I didn't mean for this to happen. It started with a short story. I had only planned to write a single short story but the characters quickly took on their own lives and outgrew the story I had written for them. So I wrote a sequel, changed the setting to Las Vegas, and decided to write a gangster story. But while doing my research, I discovered the Paiute Indian tribe's history in Vegas and my tale turned in a different direction. After I'd completed it, I realized I still hadn't written my gangster story, so I penned a third tale. Before long, a 332-page fantasy novel "*Paved With Good Intentions*" emerged. It was published a paperback in 2009 (I didn't know what Kindle was back then) and I returned to writing my nonfiction books.

Then a funny thing happened.

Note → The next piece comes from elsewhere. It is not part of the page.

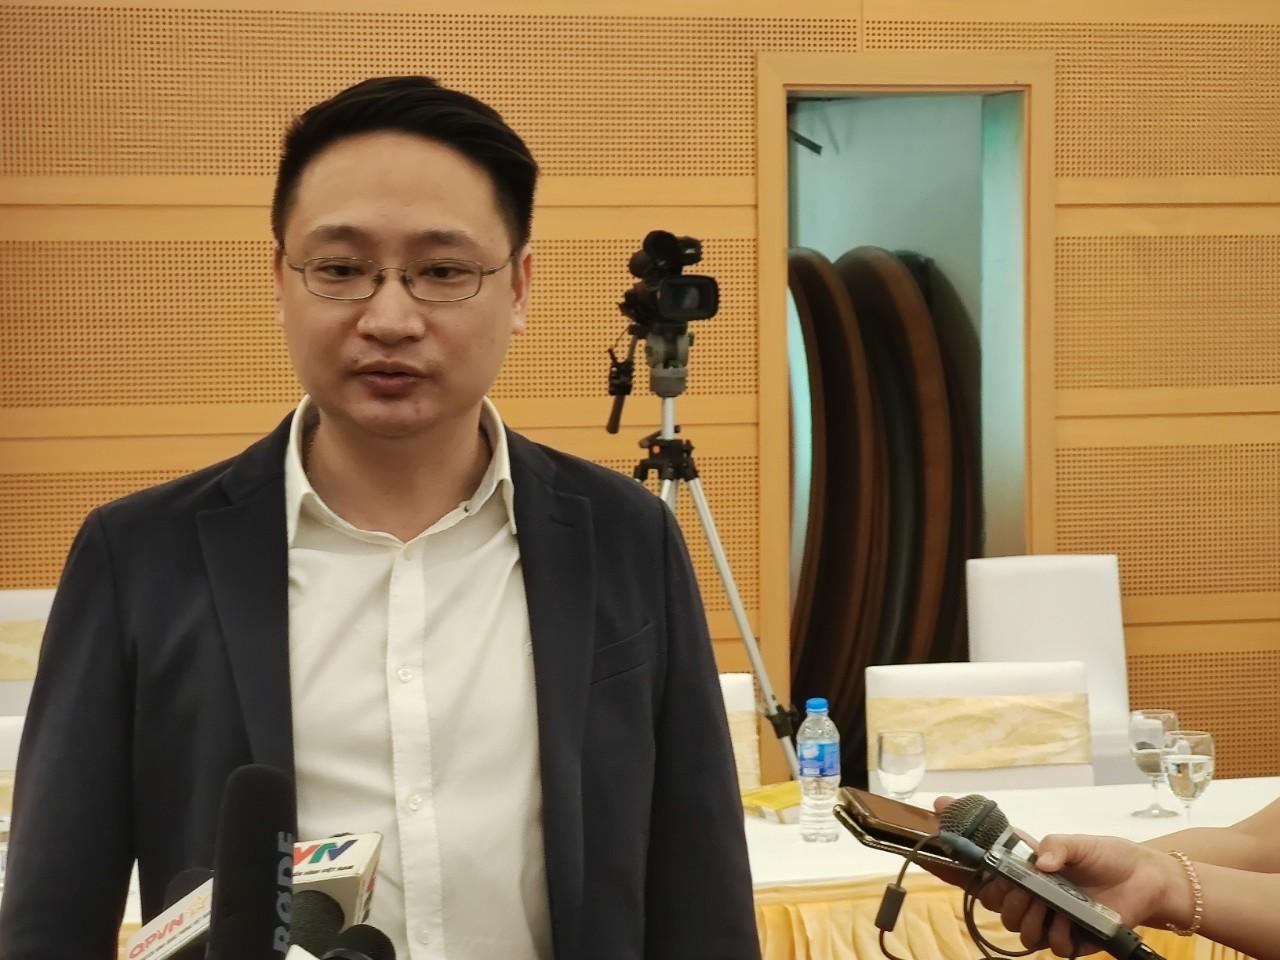 Thương mại điện tử Việt Nam tốc độ phát triển tiềm năng vượt Thái Lan, nhưng vẫn còn nhiều thách thức - Ảnh 2.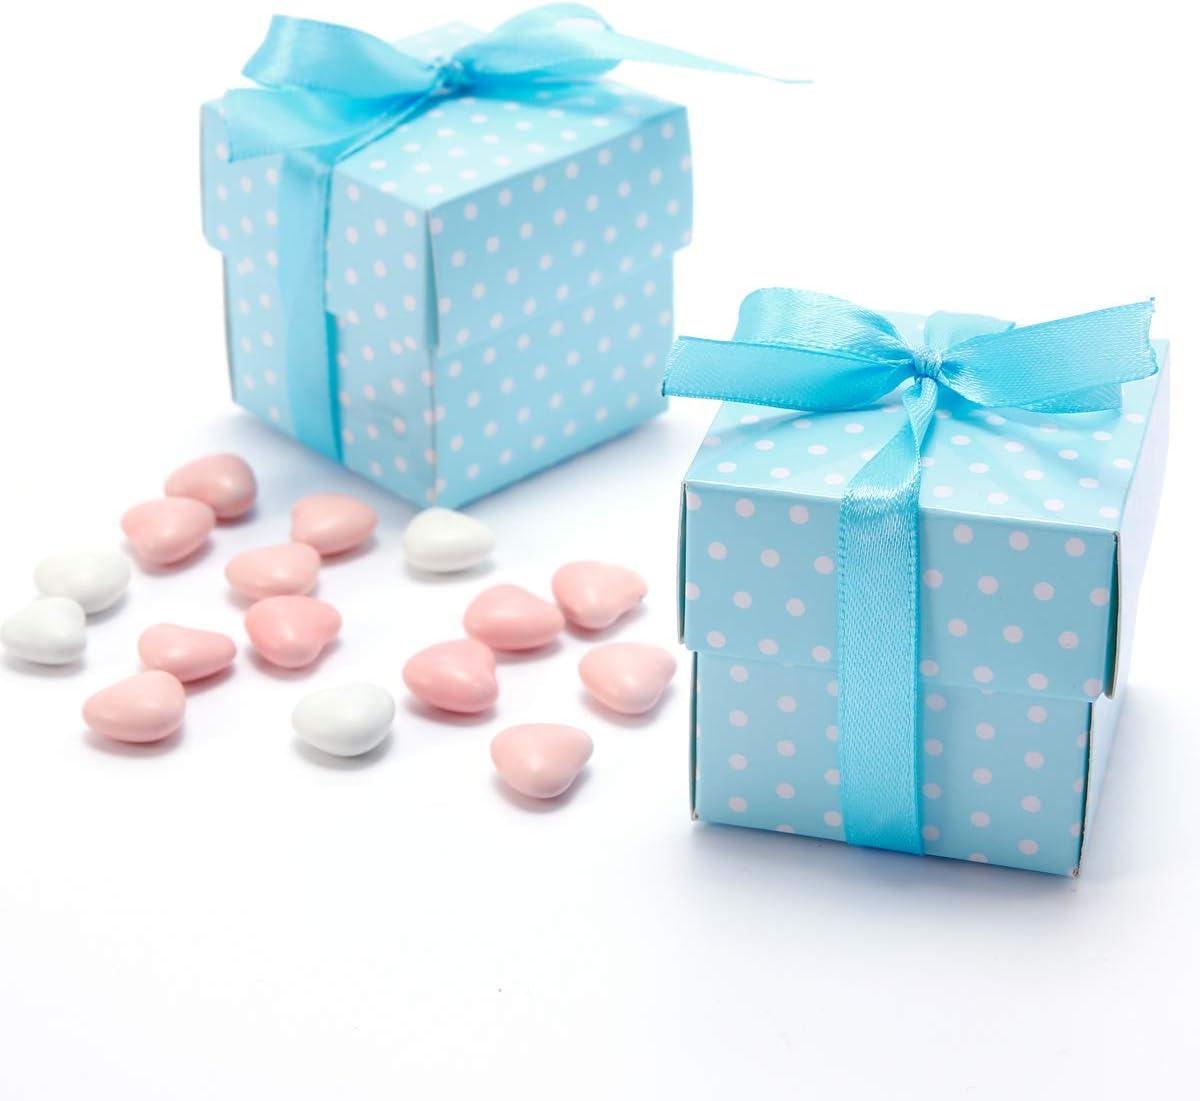 AONER Seidenb/änder Geschenkbox f/ür Hochzeit 6 * 6 * 6cm F/ü/ße - Himmelblau Pralinenschachtel s/ü/ßigkeiten Bonboniere Taufe usw 50 St/ück Gastgeschenk Box inkl

People began approaching me, asking when the sequel to "*Paved With Good Intentions*" was coming out. I greeted them with a blank stare. Sequel? My mind flashed to Matthew Broderick at the end of "_Ferris Bueller's Day Off_" telling the audience "Go home; it's over." I hadn't expected anyone to actually buy the first book; it had never dawned on me to write a sequel. Besides, I had other stories I wanted to write. I shrugged it off.

But the novel attracted a vocal fan base. They kept pestering me, wanting to know what happened next to the characters I had introduced them to. I admit it; I'm weak. I caved in. I wrote a sequel, "*And A Child Shall Lead Them*", which will be published next month. It's Book 2 in what is now called the "*Halos & Horns*" series. In anticipation of its release, I've released a Kindle edition of Book One, "*Paved With Good Intentions*".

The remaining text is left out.